:: Raw data ::
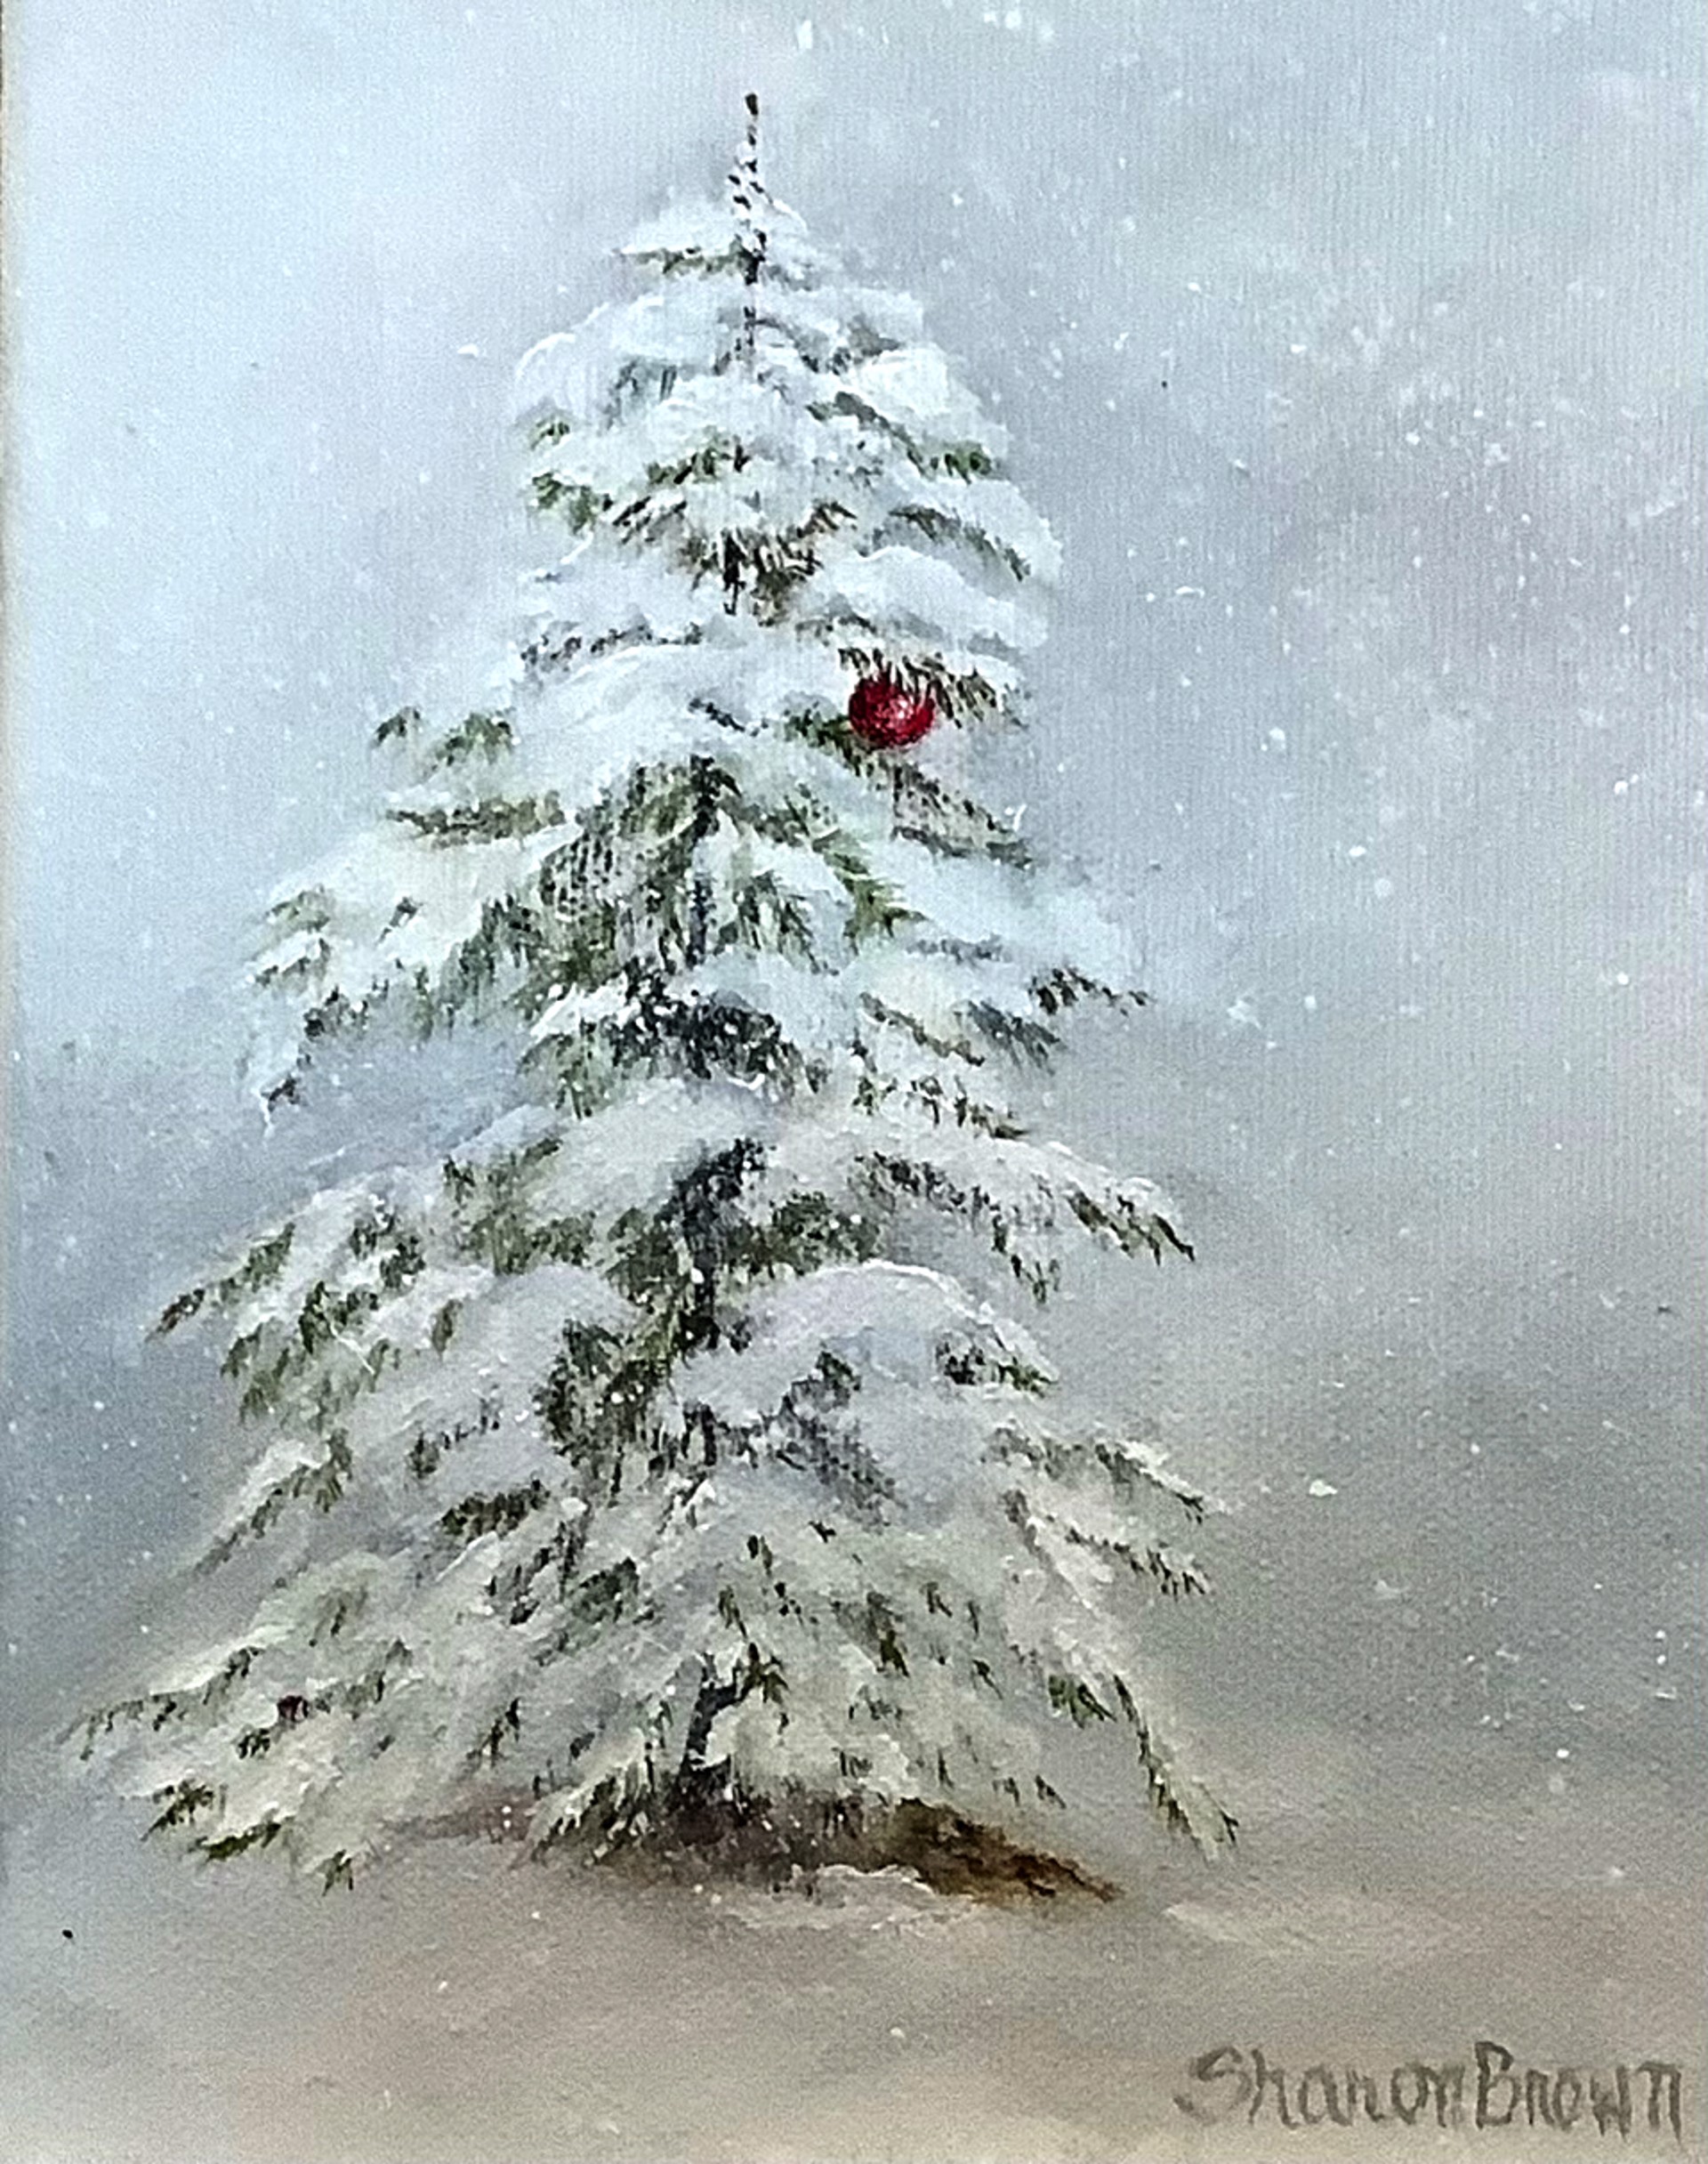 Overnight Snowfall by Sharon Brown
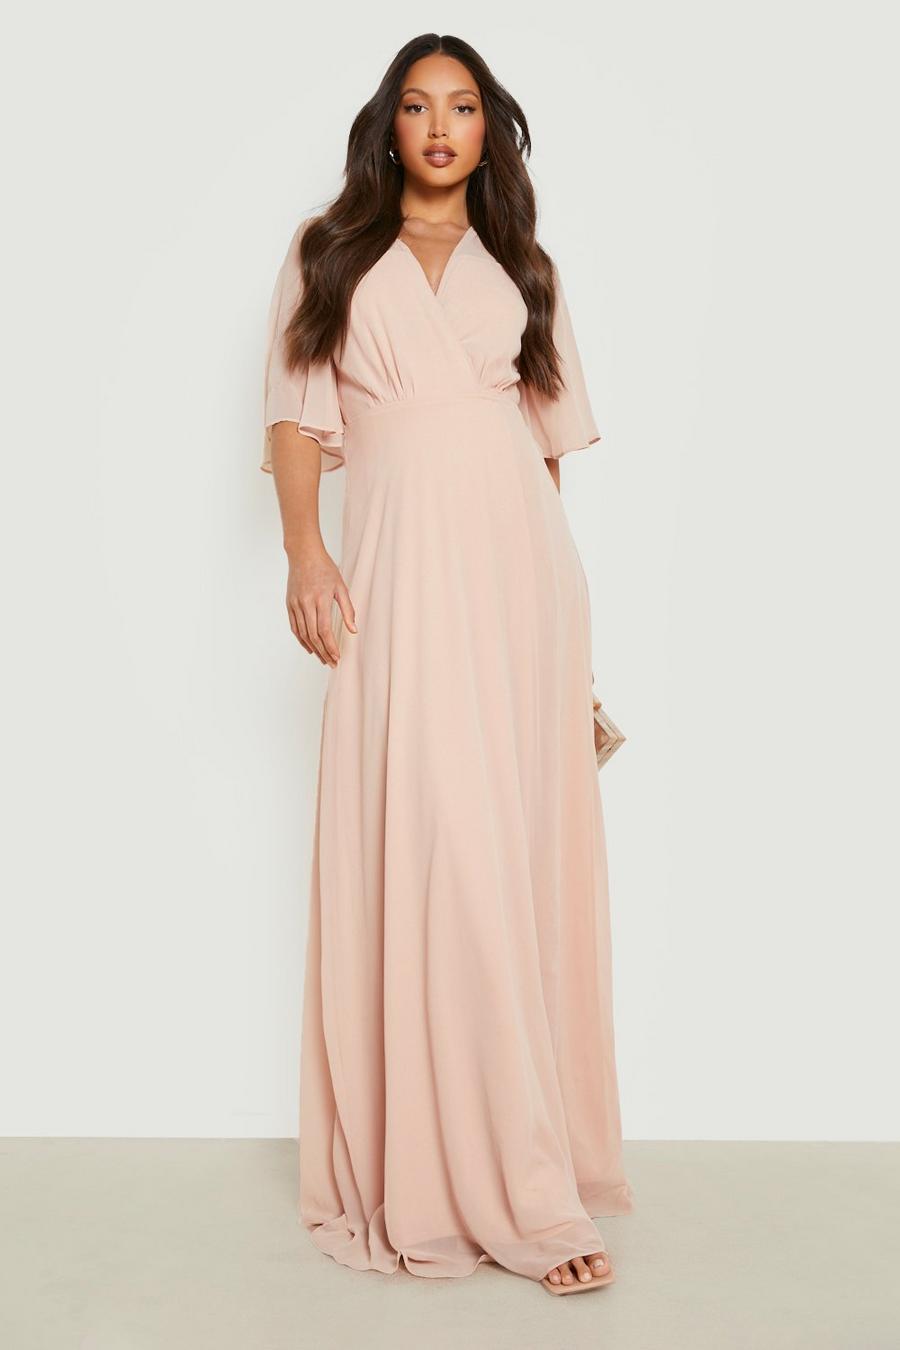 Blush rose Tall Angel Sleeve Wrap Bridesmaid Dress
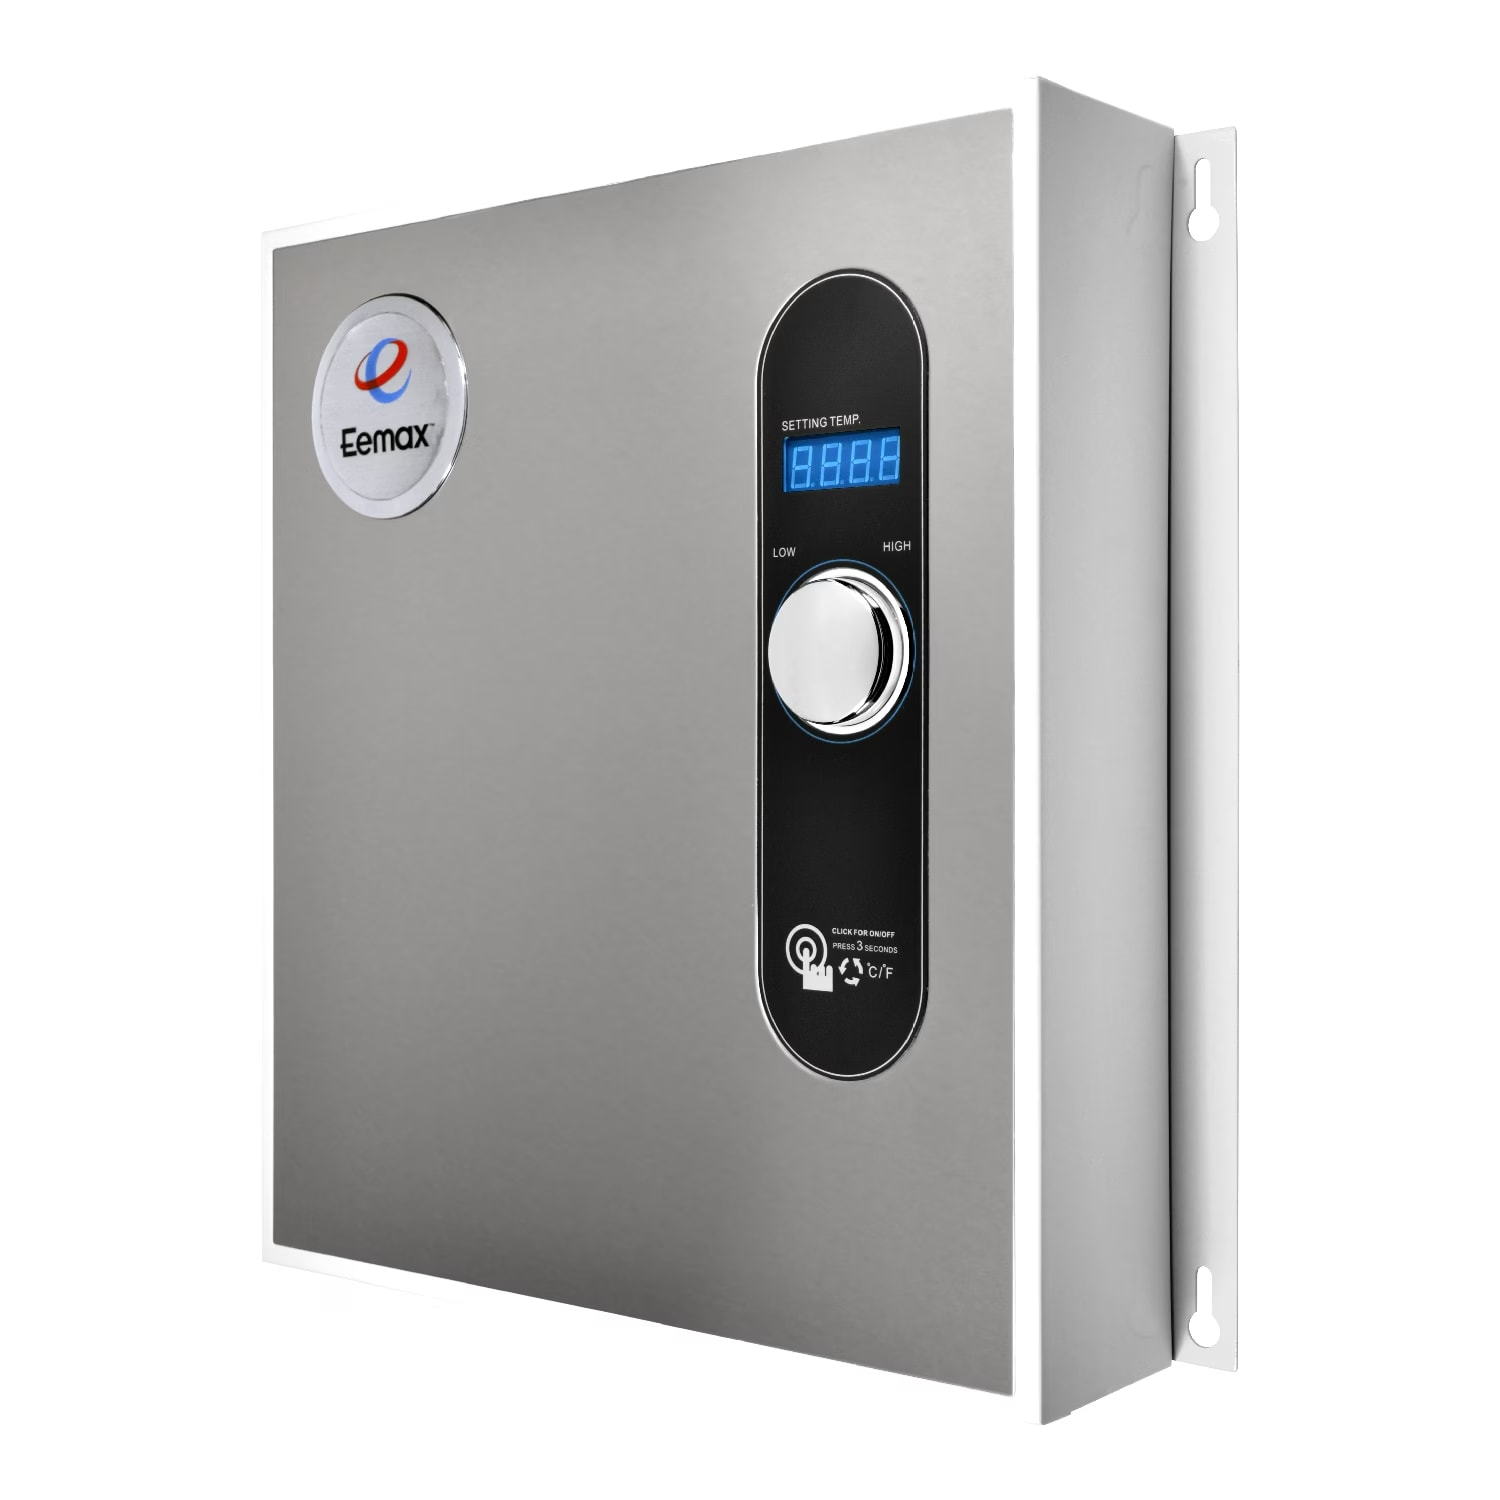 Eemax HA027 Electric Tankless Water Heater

:: Exercise aim ::
Every line of the listing is to be retyped exactly; pictures stay out.

:: Result ::
 Overnight Snowfall by Sharon Brown
 Blush rose Tall Angel Sleeve Wrap Bridesmaid Dress
 Eemax HA027 Electric Tankless Water Heater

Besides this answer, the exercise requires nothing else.